En otras palabras, la oración de Jesús era acerca de su resurrección de entre los muertos. Fue oído a causa de su temor reverente
nos dice que Dios escuchó su oración y lo levantó de entre los muertos.
Algunos han tenido dificultades con el verso que sigue: Y aunque era Hijo, por lo que padeció aprendió la obediencia…
Pienso que vemos una ilustración de esto en la profecía de Isaías 50: Jehová el Señor me dio lengua de sabios, para saber hablar palabras al cansado; despertará mañana tras mañana, despertará mi oído para que oiga como los sabios.
Como Dios, nunca tuvo que despertar mañana tras mañana para escuchar las instrucciones de unos padres humanos. Sin embargo, como hombre, aprendía esta obediencia de una manera práctica.
Leemos en Lucas 2:48-51 acerca del evento en Jerusalén, en el templo, donde José y María lo dejaron por descuido. Cuando le vieron, se sorprendieron; y le dijo su madre: Hijo, ¿por qué nos has hecho así? He aquí, tu padre y yo te hemos buscado con angustia. Entonces él les dijo: ¿Por qué me buscabais? ¿No sabíais que en los negocios de mi Padre me es necesario estar? Mas ellos no entendieron las palabras que les habló. Y descendió con ellos, y volvió a Nazaret, y estaba sujeto a ellos.
Nos parece raro que María hablara así, sabiendo que la concepción de Jesús no había incluido nada de José, sino que fue por obra del Espíritu Santo. Pero aun en esto vemos al joven Jesús caminando en obediencia a su Padre Dios y también a sus padres terrenales, pues estaba sujeto a ellos
, aunque ellos no entendían los negocios del Padre en los cielos.

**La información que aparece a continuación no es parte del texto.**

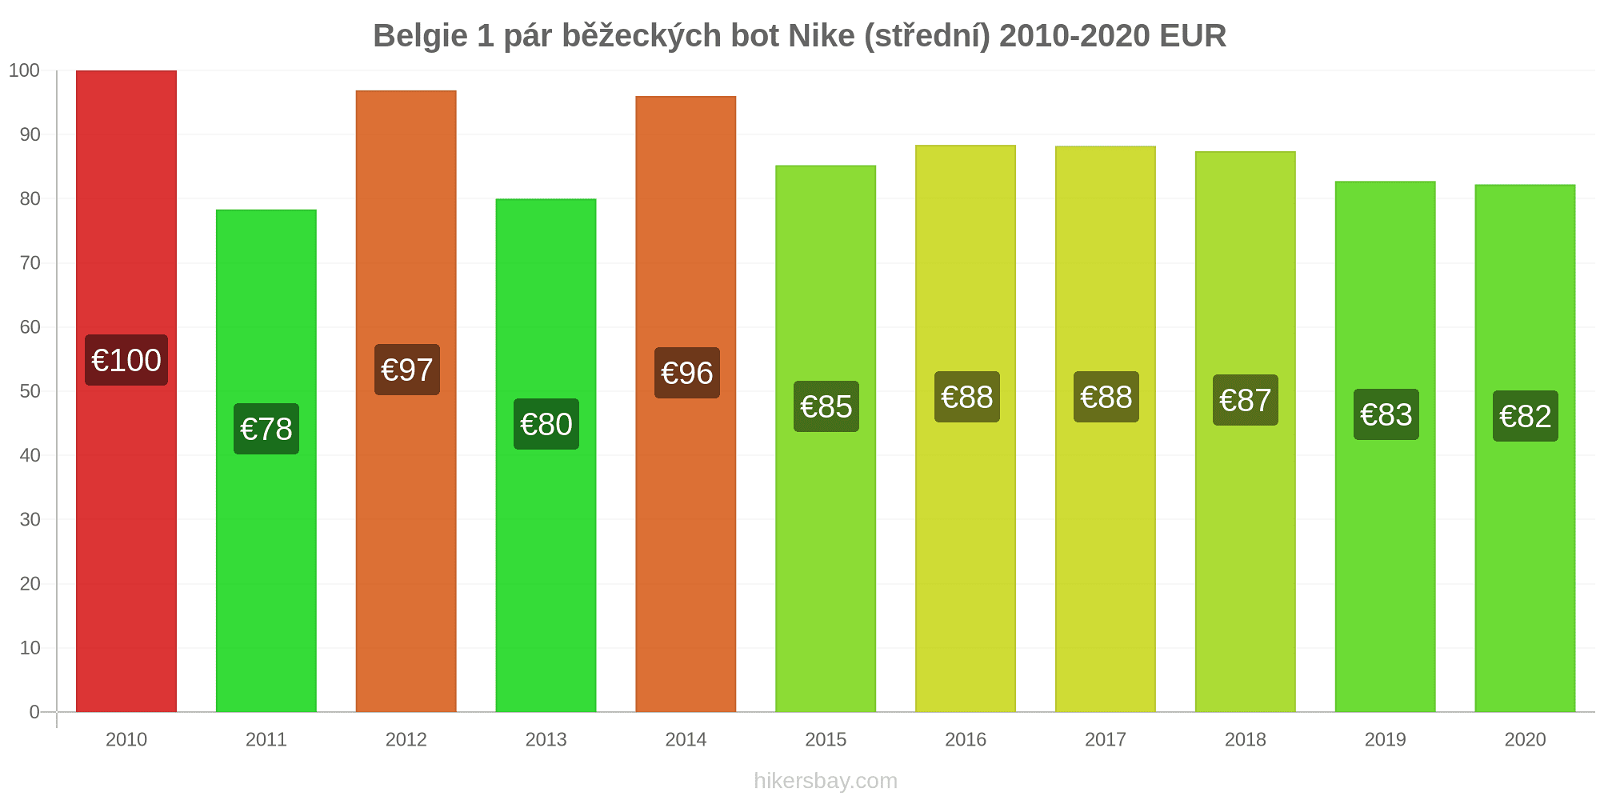 Belgie změny cen 1 pár běžeckých bot Nike (střední) hikersbay.com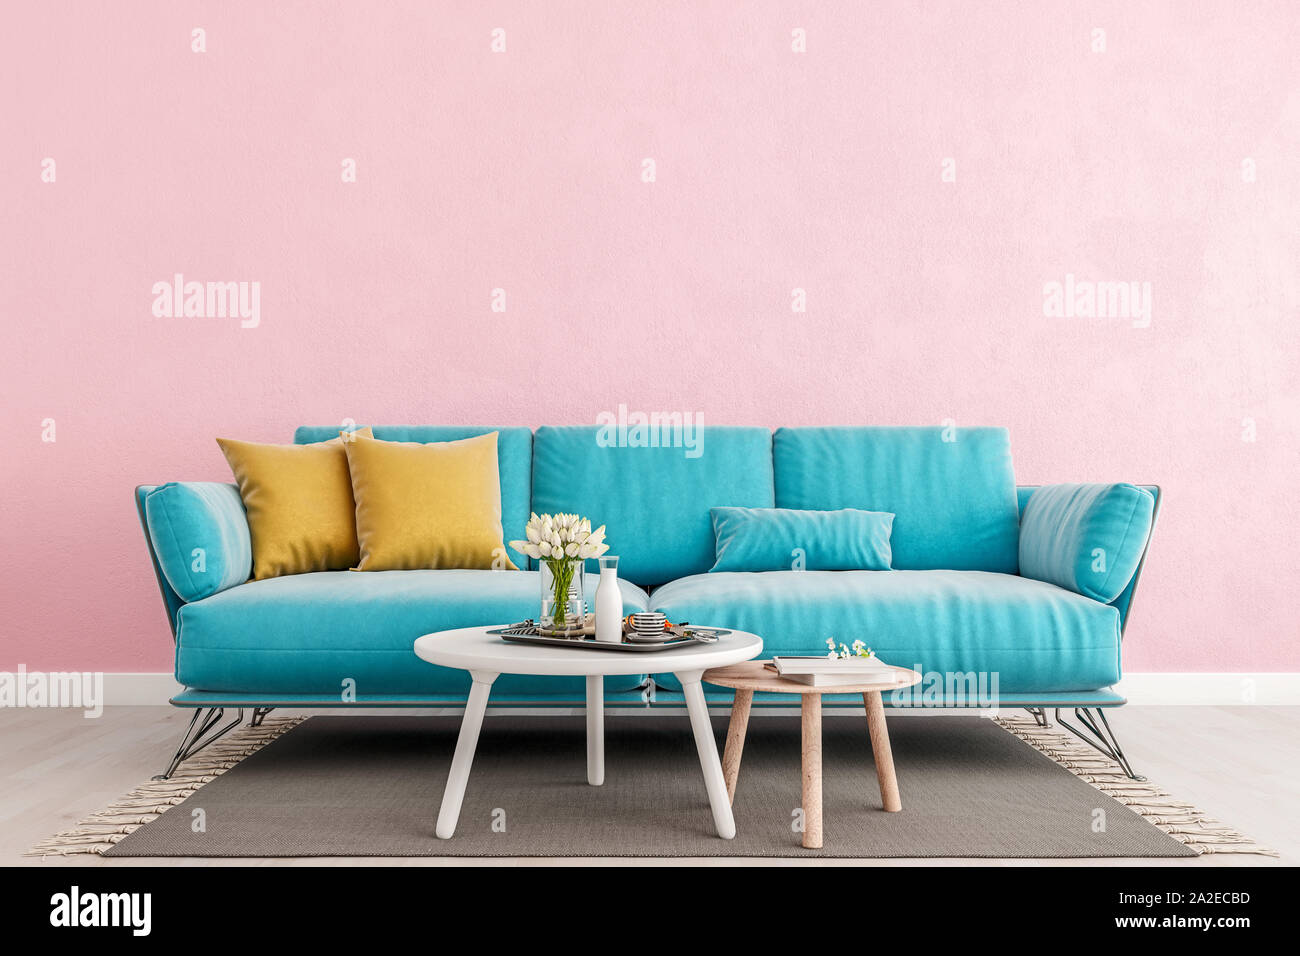 Soggiorno rosa millenario parete interna mock up con la luce blu divano, parete bianca e vuota con spazio libero sopra sulla parte superiore, 3D rendering 3D illustrazione Foto Stock

Y habiendo sido perfeccionado, vino a ser autor de eterna salvación para todos los que le obedecen.
No era que alguna vez le hubiera faltado santidad. La perfección aquí habla de su vida de obediencia, de su muerte en obediencia, del derramamiento de su sangre y de su resurrección de entre los muertos. Todo esto servía para hacerlo autor de eterna salvación y, además, ¡un sacerdote mucho mejor que Aarón!